-- Data provided follows --

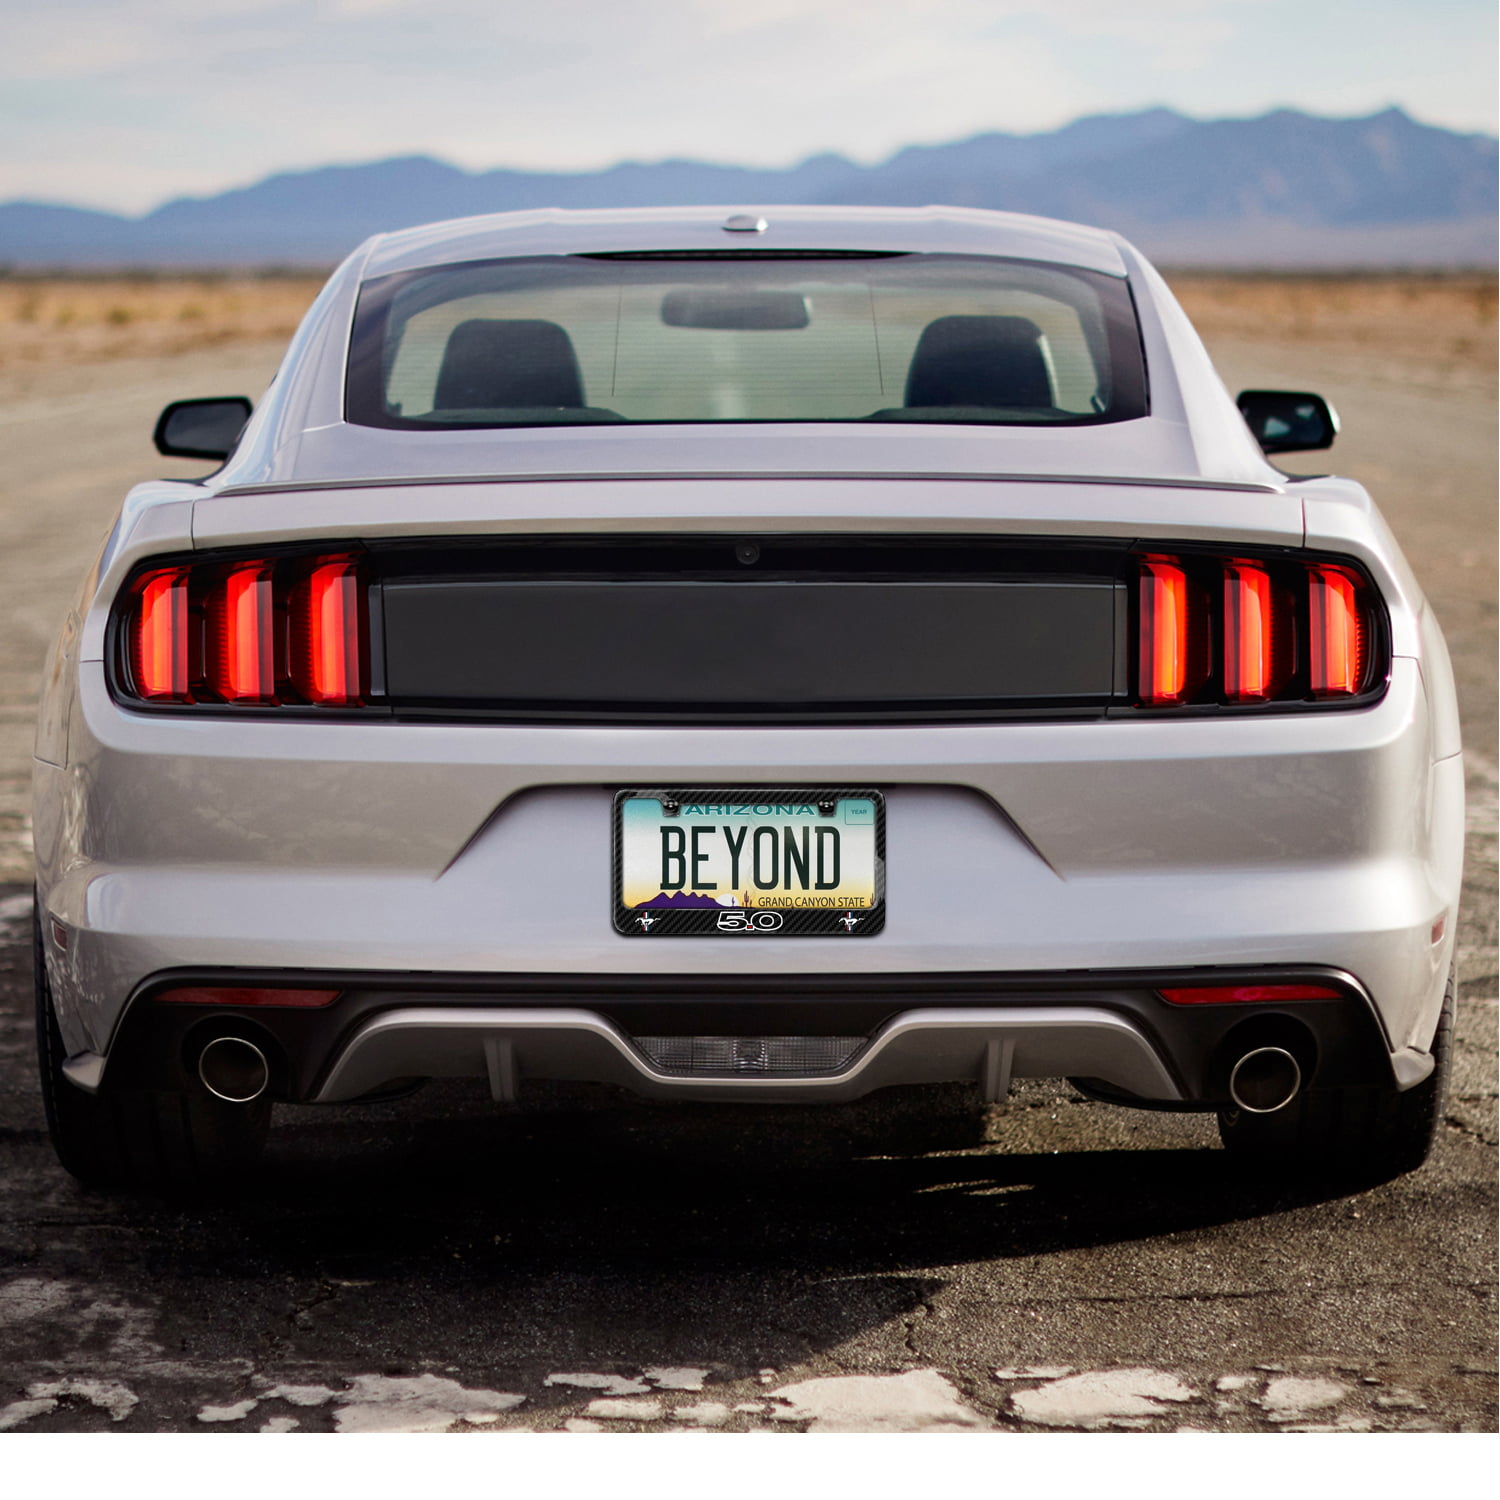 Made in USA Ford Mustang 3d Chrome Emblem Black Carbon Fiber License Plate Fram
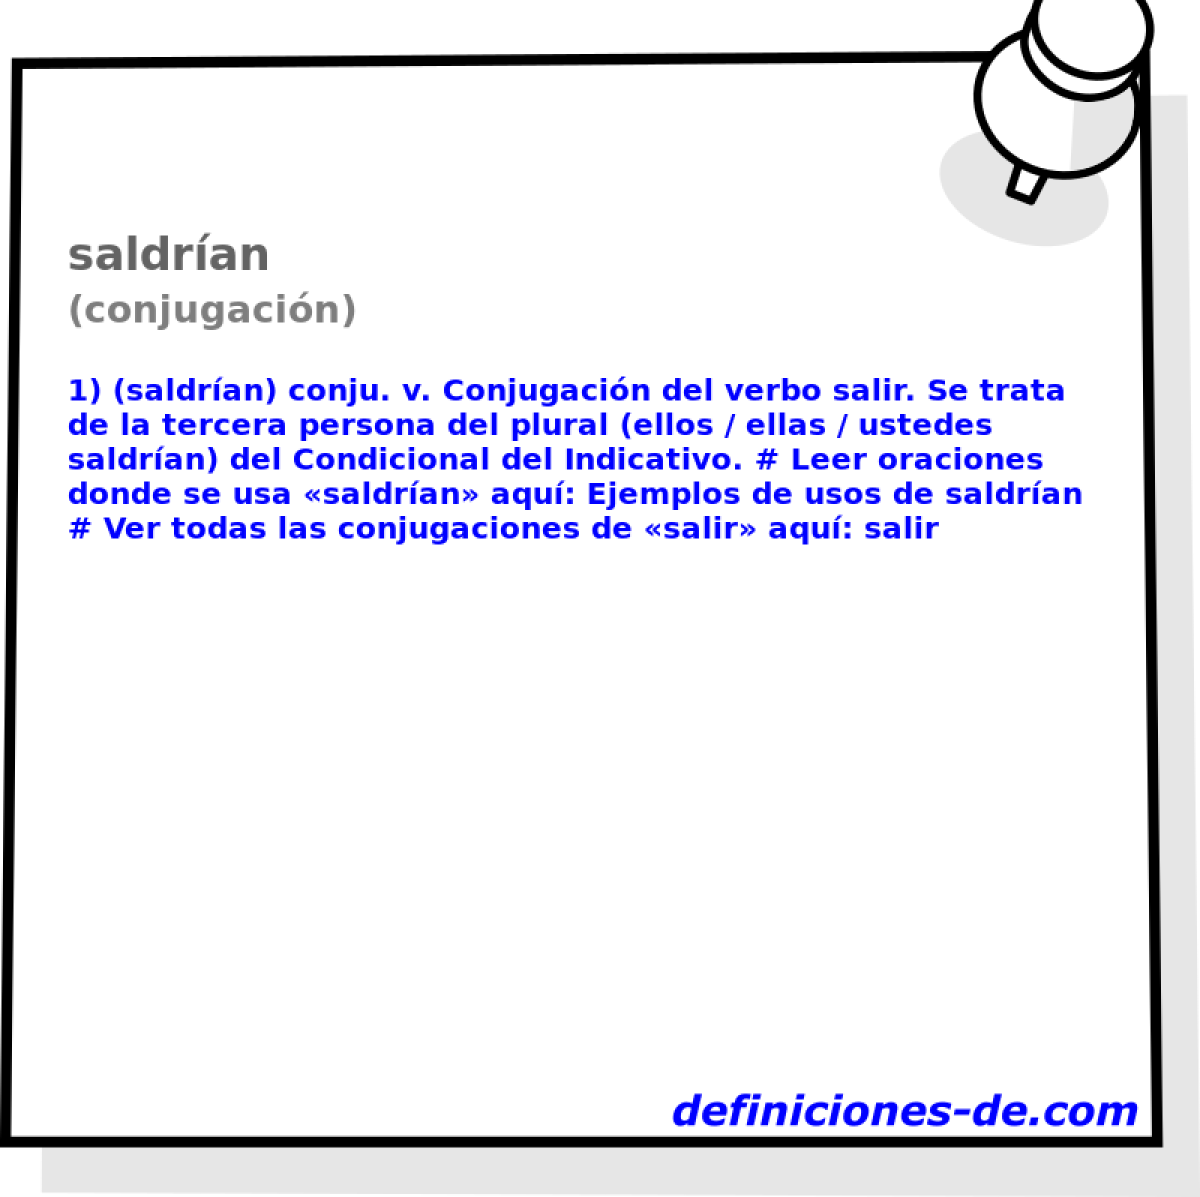 saldran (conjugacin)
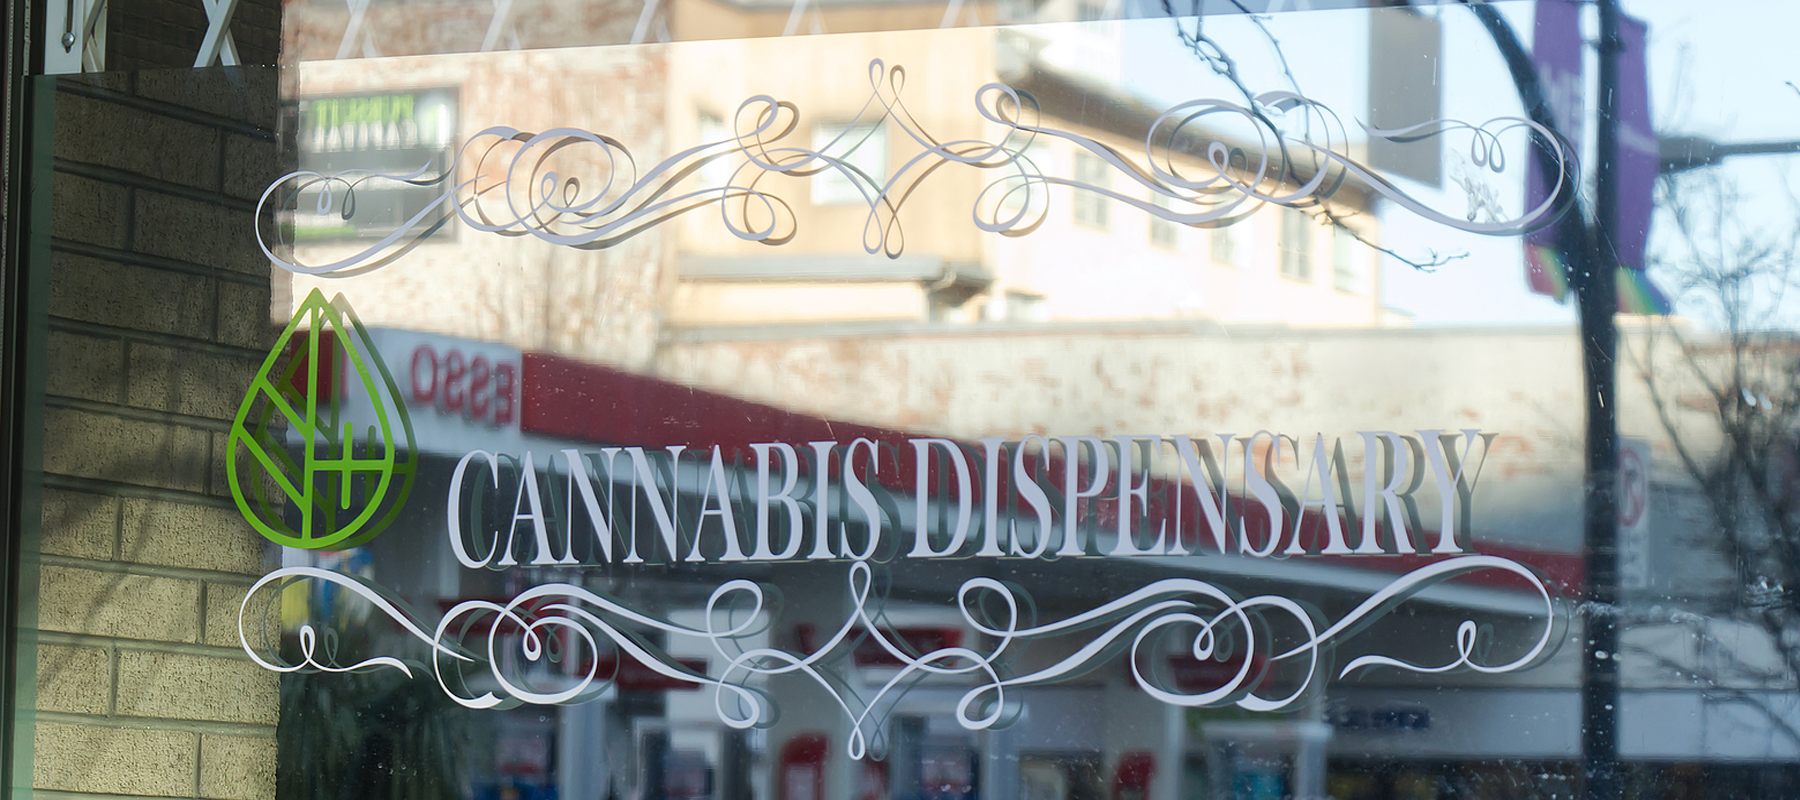 Cannabis dispensary sign on retail window

-- Data provided concluded --

Would you mind transcribing the material exactly, without the pictures?

Solution to the exercise =>
 Made in USA Ford Mustang 3d Chrome Emblem Black Carbon Fiber License Plate Fram
 saldran (conjugacin)
 Cannabis dispensary sign on retail window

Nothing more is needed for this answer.